February 4th, 1917.
Dear Mr. B.:
I have been intending to write to
you for a very long time, but as most of one’s
writing is done when one ought to be asleep, and sleep
next to eating is one of our few remaining pleasures,
my intended letter has remained in my head up to now.
On returning from a nine days’ leave to London
the other day, however, I found two letters from you
awaiting me and was reproached into effort.
War’s a queer game not
at all what one’s civilian mind imagined; it’s
far more horrible and less exciting. The horrors
which the civilian mind dreads most are mutilation
and death. Out here we rarely think about them;
the thing which wears on one most and calls out his
gravest courage is the endless sequence of physical
discomfort. Not to be able to wash, not to be
able to sleep, to have to be wet and cold for long
periods at a stretch, to find mud on your person, in
your food, to have to stand in mud, see mud, sleep
in mud and to continue to smile that’s
what tests courage. Our chaps are splendid.
They’re not the hair-brained idiots that some
war-correspondents depict from day to day. They’re
perfectly sane people who know to a fraction what they’re
up against, but who carry on with a grim good-nature
and a determination to win with a smile. I never
before appreciated as I do to-day the latent capacity
for big-hearted endurance that is in the heart of every
man. Here are apparently quite ordinary chaps chaps
who washed, liked theatres, loved kiddies and sweethearts,
had a zest for life they’re bankrupt
of all pleasures except the supreme pleasure of knowing
that they’re doing the ordinary and finest thing
of which they are capable. There are millions
to whom the mere consciousness of doing their duty
has brought an heretofore unexperienced peace of mind.

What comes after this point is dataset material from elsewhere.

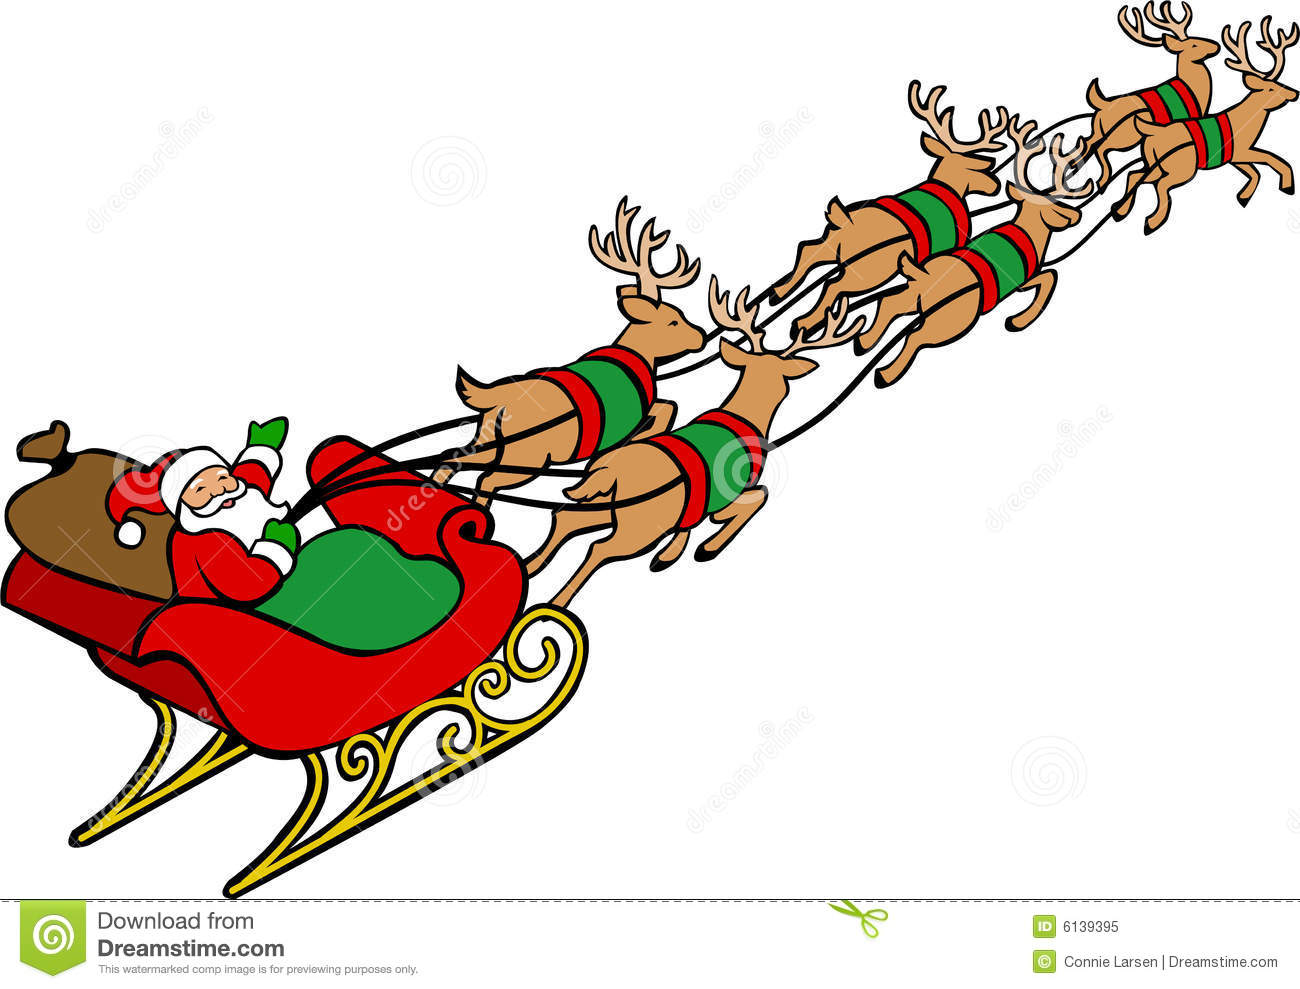 santa sleigh clipart at getdrawings com free for personal use rh getdrawings com santa sleigh clipart black and white santa sleigh clipart free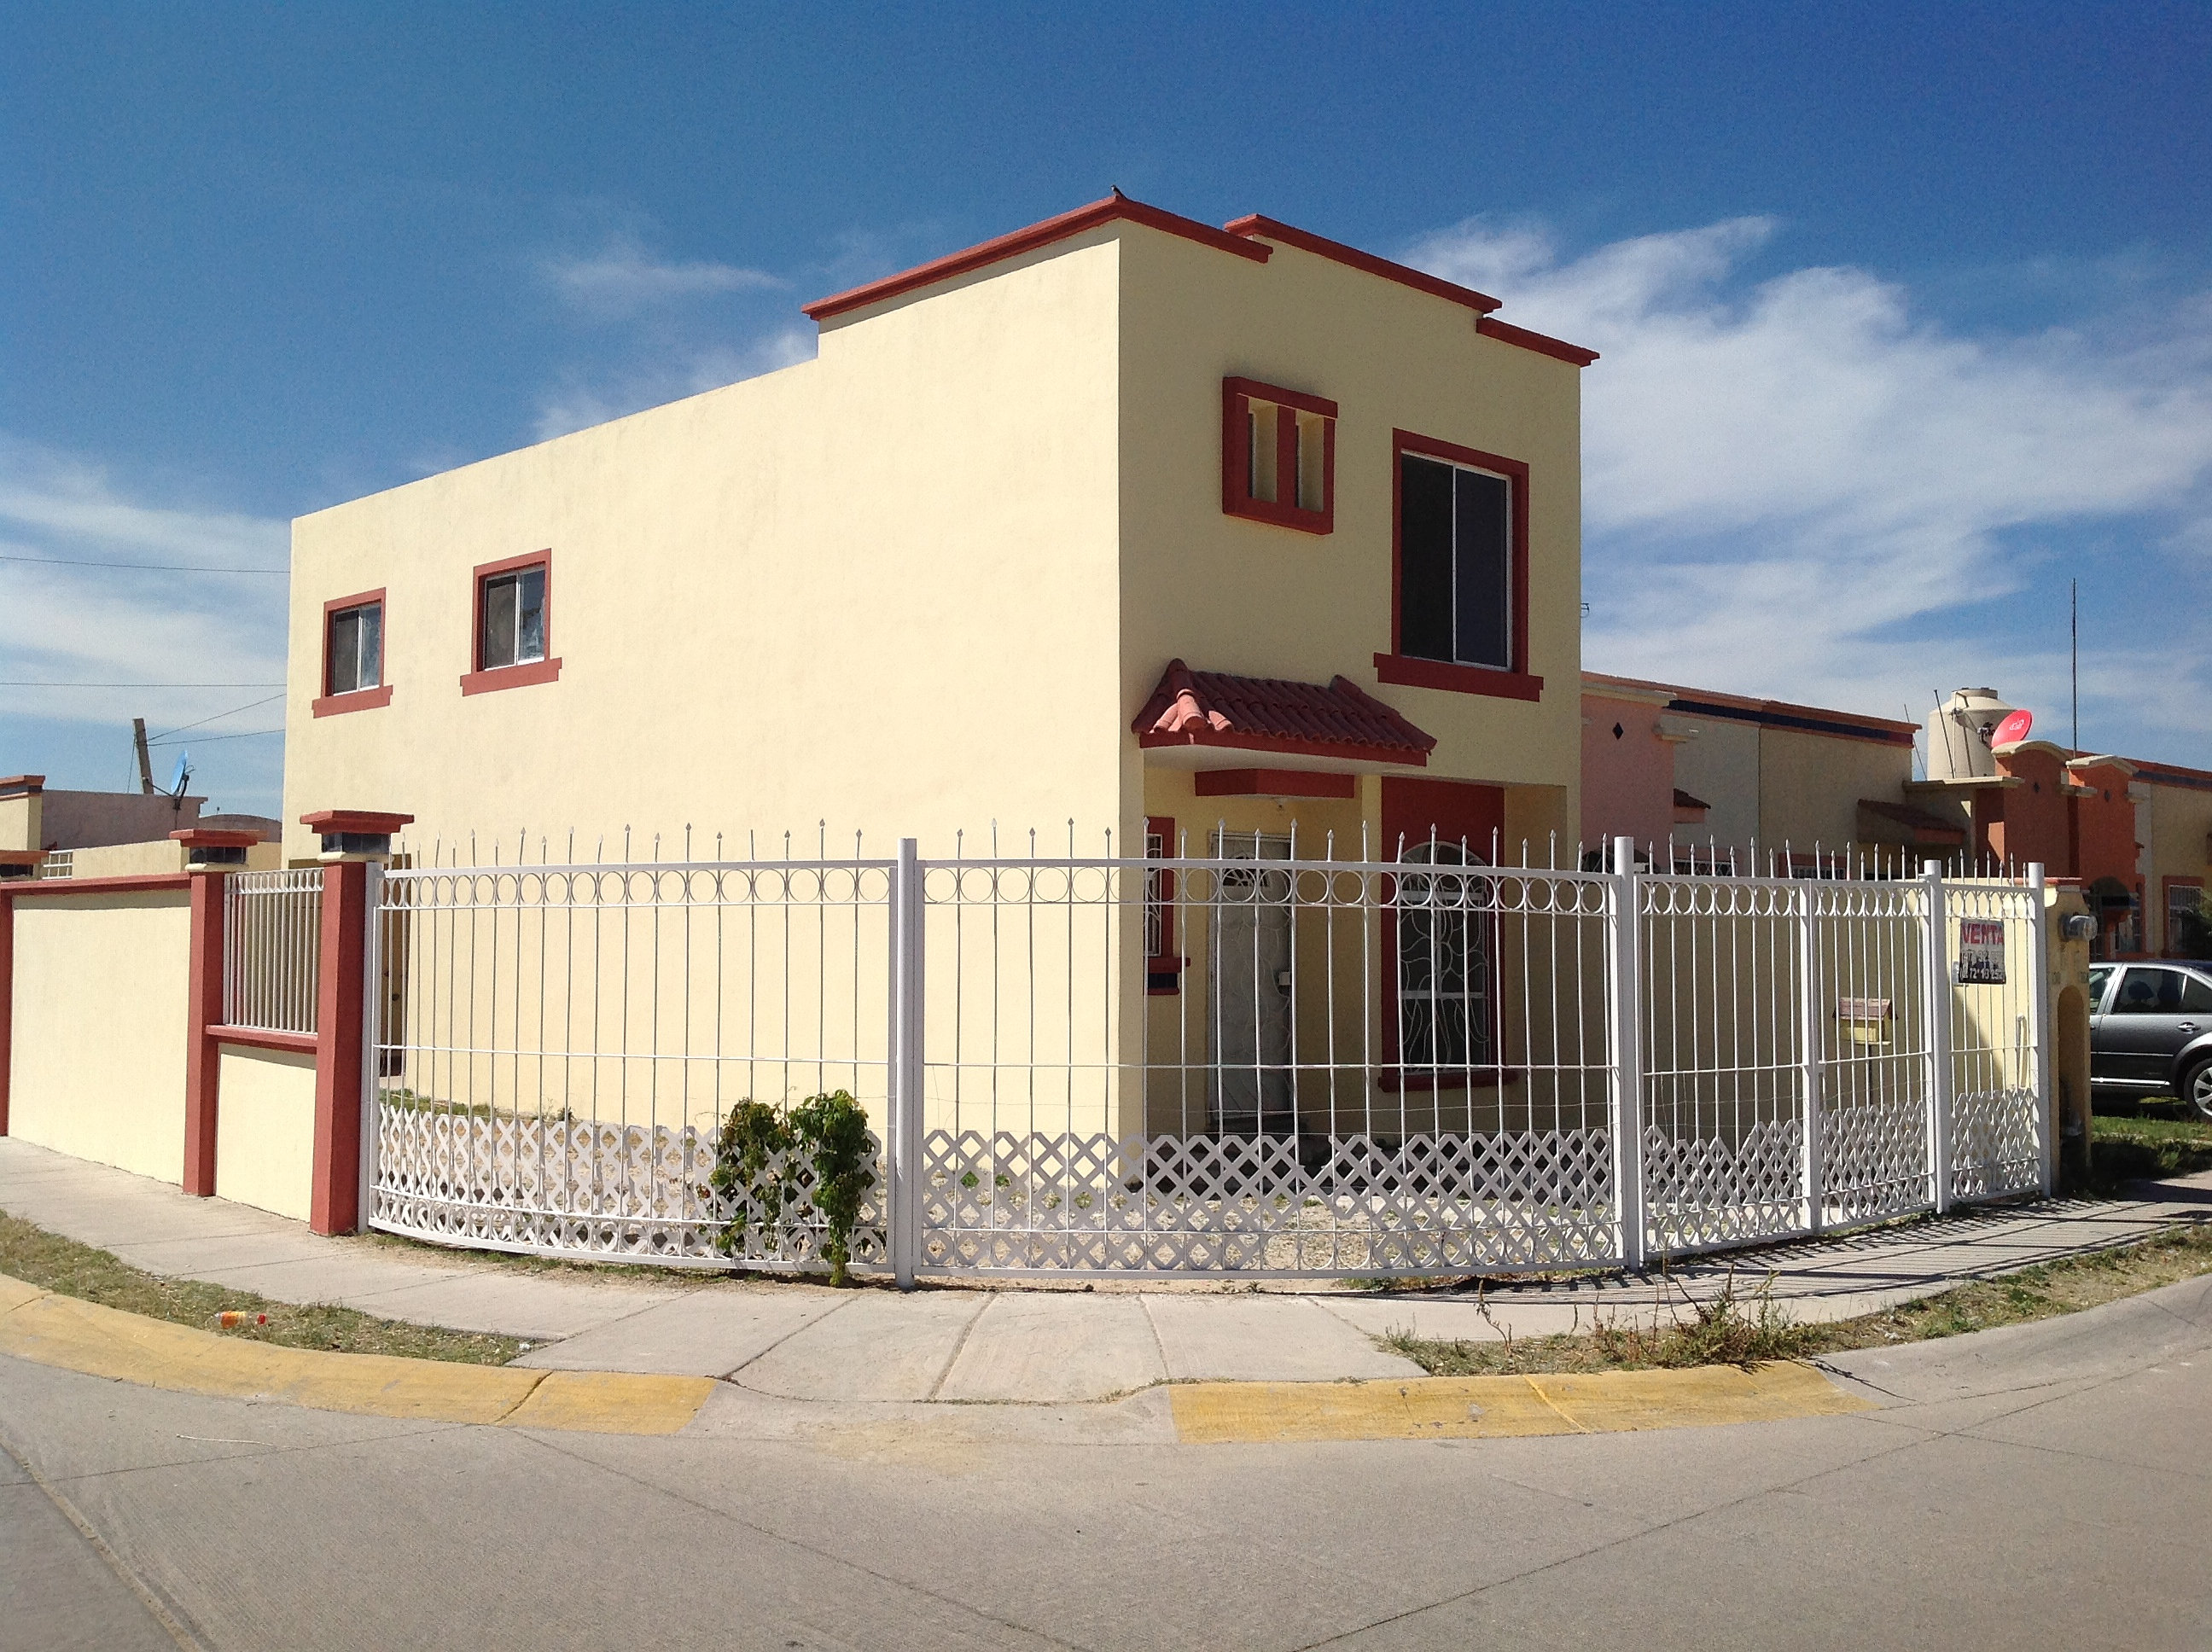 Mi casa ideal inmobiliaria leon gto mexico renta casa for Casas en renta leon gto

For myself I was never happier than I am at present;
there’s a novel zip added to life by the daily
risks and the knowledge that at last you’re doing
something into which no trace of selfishness enters.
One can only die once; the chief concern that matters
is how and not when you die. I don’t
pity the weary men who have attained eternal leisure
in the corruption of our shell-furrowed battles; they
“went West” in their supreme moment.
The men I pity are those who could not hear the call
of duty and whose consciences will grow more flabby
every day. With the brutal roar of the first
Prussian gun the cry came to the civilised world, “Follow
thou me,” just as truly as it did in Palestine.
Men went to their Calvary singing Tipperary, rubbish,
rhymed doggerel, but their spirit was equal to that
of any Christian martyr in a Roman amphitheatre.
“Greater love hath no man than this, that he
lay down his life for his friend.” Our
chaps are doing that consciously, willingly, almost
without bitterness towards their enemies; for the
rest it doesn’t matter whether they sing hymns
or ragtime. They’ve followed their ideal freedom and
died for it. A former age expressed itself in
Gregorian chants; ours, no less sincerely, disguises
its feelings in ragtime.
Since September I have been less than
a month out of action. The game doesn’t
pall as time goes on it fascinates.
We’ve got to win so that men may never again
be tortured by the ingenious inquisition of modern
warfare. The winning of the war becomes a personal
affair to the chaps who are fighting. The world
which sits behind the lines, buys extra specials of
the daily papers and eats three square meals a day,
will never know what this other world has endured
for its safety, for no man of this other world will
have the vocabulary in which to tell. But don’t
for a moment mistake me we’re grimly
happy.
What a serial I’ll write for
you if I emerge from this turmoil! Thank God,
my outlook is all altered. I don’t want
to live any longer only to live well.
Good-bye and good luck.
Yours,
Coningsby
Dawson.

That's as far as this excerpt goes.